» What you are asked to do
As the answer, set down the lines below from the one containing "Custom Envelopes - Understanding" through the one containing "New York, NY, USA.", exactly and inclusively, and no others.

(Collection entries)
──────────────────────────────

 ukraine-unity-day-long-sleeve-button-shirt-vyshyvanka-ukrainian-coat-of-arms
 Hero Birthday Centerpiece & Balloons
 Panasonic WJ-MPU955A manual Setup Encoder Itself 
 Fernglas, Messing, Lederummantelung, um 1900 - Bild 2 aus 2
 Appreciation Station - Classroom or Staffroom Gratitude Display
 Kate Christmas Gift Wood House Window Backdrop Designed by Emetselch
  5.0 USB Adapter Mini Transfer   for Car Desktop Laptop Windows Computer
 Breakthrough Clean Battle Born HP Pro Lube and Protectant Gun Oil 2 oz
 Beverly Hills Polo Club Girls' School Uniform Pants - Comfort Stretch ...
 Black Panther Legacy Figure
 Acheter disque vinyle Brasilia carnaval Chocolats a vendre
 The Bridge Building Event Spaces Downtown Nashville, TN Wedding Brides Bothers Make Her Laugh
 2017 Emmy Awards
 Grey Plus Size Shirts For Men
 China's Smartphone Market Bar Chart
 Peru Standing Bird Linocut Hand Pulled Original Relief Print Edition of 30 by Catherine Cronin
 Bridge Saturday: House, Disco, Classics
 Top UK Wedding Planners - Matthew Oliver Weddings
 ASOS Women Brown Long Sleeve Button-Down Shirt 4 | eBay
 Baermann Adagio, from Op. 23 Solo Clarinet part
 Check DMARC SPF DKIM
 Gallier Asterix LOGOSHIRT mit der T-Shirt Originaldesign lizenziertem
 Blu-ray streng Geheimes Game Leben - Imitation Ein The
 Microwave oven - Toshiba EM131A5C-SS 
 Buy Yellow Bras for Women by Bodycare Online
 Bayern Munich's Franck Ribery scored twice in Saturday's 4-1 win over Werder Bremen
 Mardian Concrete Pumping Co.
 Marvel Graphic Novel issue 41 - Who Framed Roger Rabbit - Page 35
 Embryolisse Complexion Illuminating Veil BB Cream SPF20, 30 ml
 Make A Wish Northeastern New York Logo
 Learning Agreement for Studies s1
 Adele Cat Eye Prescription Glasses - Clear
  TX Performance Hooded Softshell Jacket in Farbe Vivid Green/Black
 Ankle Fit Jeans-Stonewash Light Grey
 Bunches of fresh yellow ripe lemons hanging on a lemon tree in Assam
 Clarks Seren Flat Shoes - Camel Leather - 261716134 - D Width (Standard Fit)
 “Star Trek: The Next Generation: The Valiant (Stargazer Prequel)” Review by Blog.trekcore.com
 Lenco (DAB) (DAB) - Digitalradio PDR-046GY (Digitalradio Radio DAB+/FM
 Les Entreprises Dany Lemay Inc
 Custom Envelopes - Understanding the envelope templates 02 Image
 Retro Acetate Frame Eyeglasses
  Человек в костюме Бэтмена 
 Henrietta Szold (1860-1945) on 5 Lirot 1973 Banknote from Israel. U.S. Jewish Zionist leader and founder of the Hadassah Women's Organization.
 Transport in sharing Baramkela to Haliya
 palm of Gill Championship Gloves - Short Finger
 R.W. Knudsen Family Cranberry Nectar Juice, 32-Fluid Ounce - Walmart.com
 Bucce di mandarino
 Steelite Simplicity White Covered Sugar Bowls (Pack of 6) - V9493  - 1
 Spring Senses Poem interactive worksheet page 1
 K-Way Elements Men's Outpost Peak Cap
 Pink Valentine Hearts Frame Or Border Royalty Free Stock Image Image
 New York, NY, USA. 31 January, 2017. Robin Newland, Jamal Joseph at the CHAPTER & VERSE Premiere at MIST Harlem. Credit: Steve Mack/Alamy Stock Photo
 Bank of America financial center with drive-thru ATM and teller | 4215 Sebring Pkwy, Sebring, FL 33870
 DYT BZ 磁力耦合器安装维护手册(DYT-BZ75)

──────────────────────────────

» Response area
 Custom Envelopes - Understanding the envelope templates 02 Image
 Retro Acetate Frame Eyeglasses
  Человек в костюме Бэтмена 
 Henrietta Szold (1860-1945) on 5 Lirot 1973 Banknote from Israel. U.S. Jewish Zionist leader and founder of the Hadassah Women's Organization.
 Transport in sharing Baramkela to Haliya
 palm of Gill Championship Gloves - Short Finger
 R.W. Knudsen Family Cranberry Nectar Juice, 32-Fluid Ounce - Walmart.com
 Bucce di mandarino
 Steelite Simplicity White Covered Sugar Bowls (Pack of 6) - V9493  - 1
 Spring Senses Poem interactive worksheet page 1
 K-Way Elements Men's Outpost Peak Cap
 Pink Valentine Hearts Frame Or Border Royalty Free Stock Image Image
 New York, NY, USA. 31 January, 2017. Robin Newland, Jamal Joseph at the CHAPTER & VERSE Premiere at MIST Harlem. Credit: Steve Mack/Alamy Stock Photo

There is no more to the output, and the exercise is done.